The following is a collection of reactions on Gwynn.
--Tony Gwynn Jr., a Philadelphia Phillies outfielder who was placed on bereavement leave by the team Monday: "Today I lost my Dad, my best friend and my mentor. I'm gonna miss u so much pops. I'm gonna do everything in my power to continue to make u proud!"
--San Diego Padres: "The San Diego Padres are deeply saddened by the news today of the passing of Tony Gwynn. There are no words to express what Tony means to this organization and this community. More than just Mr. Padre, Tony was Mr. San Diego. He cared deeply about our city and had a profound impact on our community. He forever will be remembered not only for his tremendous on-field accomplishments, but also for his infectious laugh, warm, outgoing personality and huge heart. On behalf of Padres fans everywhere, we mourn the loss of a friend, a teammate and a legend. We send our heartfelt sympathy and condolences to the entire Gwynn family, including his wife, Alicia, his children, Tony Jr. and Anisha, and his grandchildren."
--Commissioner Bud Selig: "Major League Baseball today mourns the tragic loss of Tony Gwynn, the greatest Padre ever and one of the most accomplished hitters that our game has ever known, whose all-around excellence on the field was surpassed by his exuberant personality and genial disposition in life. Tony was synonymous with San Diego Padres baseball, and with his .338 career batting average and eight batting titles, he led his beloved ballclub to its greatest heights, including two National League pennants.
"Tony loved our game, the city of San Diego and his alma mater where he starred and coached, San Diego State University, and he was a part of a wonderful baseball family. His commitment to the children of San Diego made him a deserving recipient of our game's highest off-field honor, the Roberto Clemente Award, in 1999.
"For more than 30 years, Tony Gwynn was a source of universal goodwill in the National Pastime, and he will be deeply missed by the many people he touched. On behalf of all of our Clubs, I extend my deepest condolences to Tony's wife Alicia, their son Tony Jr. of the Phillies, their daughter Anisha, the Padres franchise, his fans in San Diego and his many admirers throughout Baseball."
--Padres executive chairman Ron Fowler: "Today, we mourn the loss of a man who shared our great pride in this city and who made us all proud to be San Diegans. For more than a generation, the only thing more dependable in San Diego than sunshine was Tony Gwynn. No player ever has or ever will put on a Padres jersey without feeling the spirit and passion of No. 19."
--Padres lead investor Peter Seidler: "Tony was not only one of the greatest hitters the sport has ever seen, but also one of the greatest men to ever play the game. As a player who committed his entire career to one team and led the Padres to two National League pennants, Tony was admired and respected by all fans of the game. His smile will be forever etched in our hearts."
--Padres first baseman Yonder Alonso: "We talked hitting every time I saw him. Questions after questions. A true friend. So sad to hear the passing of Tony Gwynn.

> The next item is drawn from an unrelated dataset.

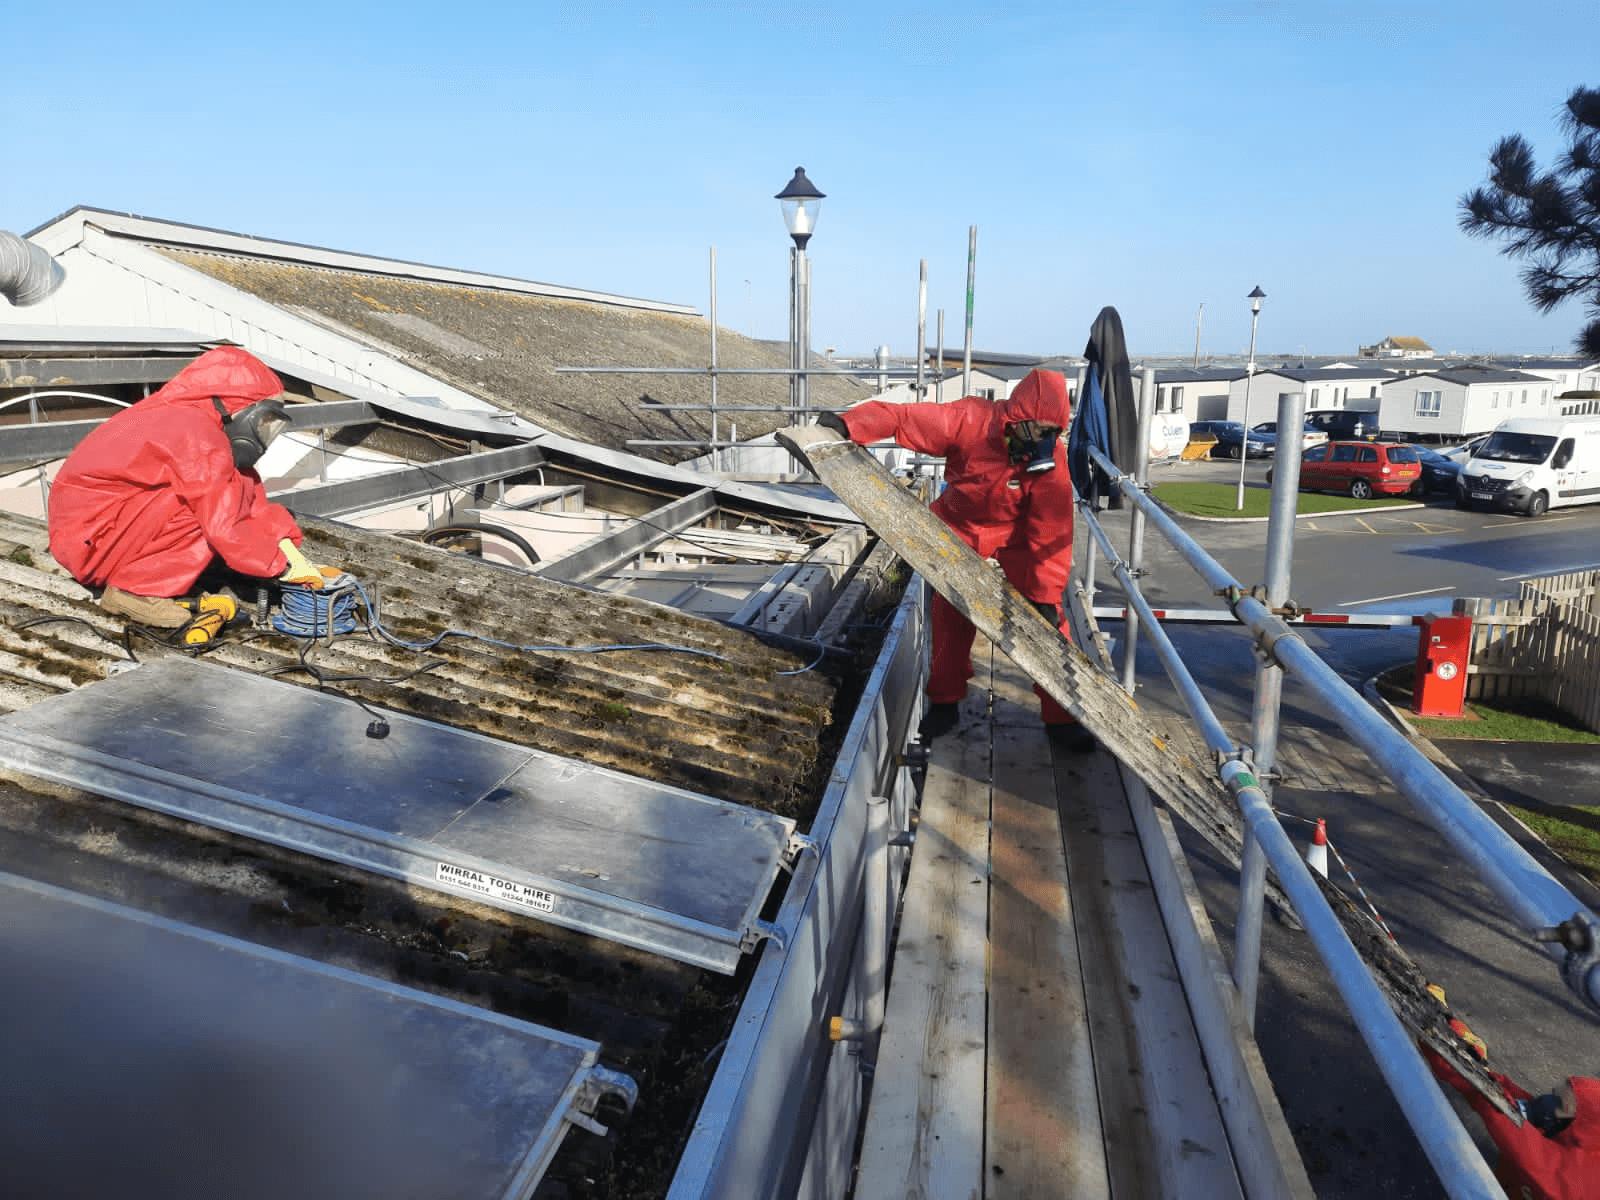 North Wales holiday park asbestos check

May he RIP."
--Hall of Famer Rod Carew: "I loved him. We had a great relationship. He was simply the best, as a player & a person."
--Two-time National League MVP Dale Murphy: "Sad news today about Tony Gwynn. Great guy, great hitter. Honored to have played against him."

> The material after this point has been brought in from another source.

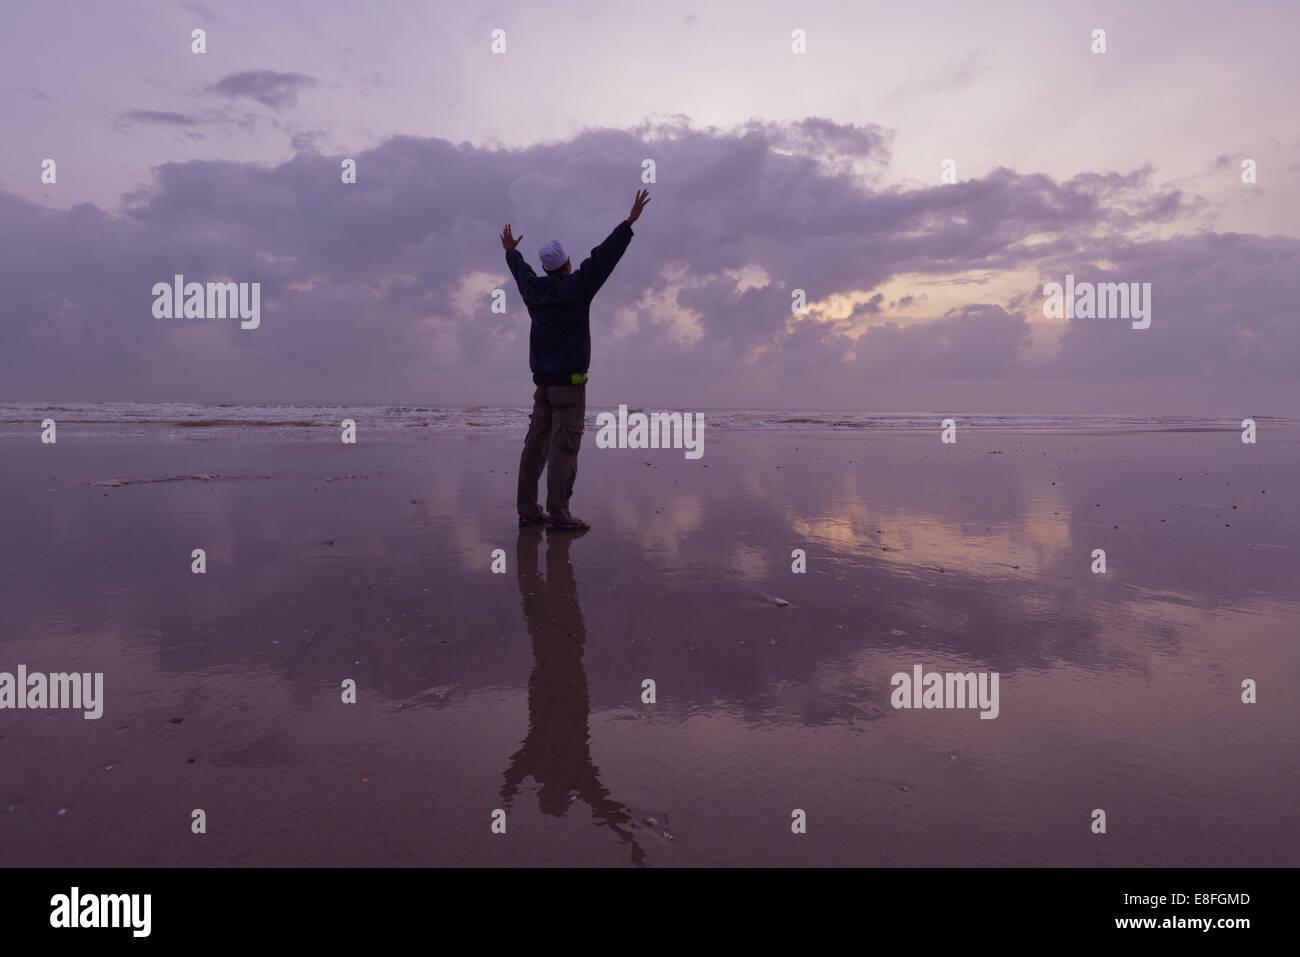 Malasia, Kuantan, la silueta del hombre en la playa por la mañana del día Imagen De Stock

--Former Houston Astros All-Star pitcher Roy Oswalt: "One of the best hitters of all time has (passed) away .God bless you Tony Gwynn I've always admired Tony for how professional he played the game"
--Los Angeles Angels center fielder Mike Trout: "Baseball lost a great hitter and a better man today."
--Former major league outfielder Juan Pierre: "Mr Gwynn was a guy I would imitate in my backyard as a kid blessed to have known him."
--Current Padres closer Huston Street: "Athletes are supposed to be heroes and inspire greatness. Tony Gwynn, Mr. Padre, will live beyond today in our hearts."
--Current Tigers manager and former major-league catcher Brad Ausmus: "He was really the first guy I played with that delved into video. He was the first guy who really analyzed things, not only what he was doing but what the pitcher was doing."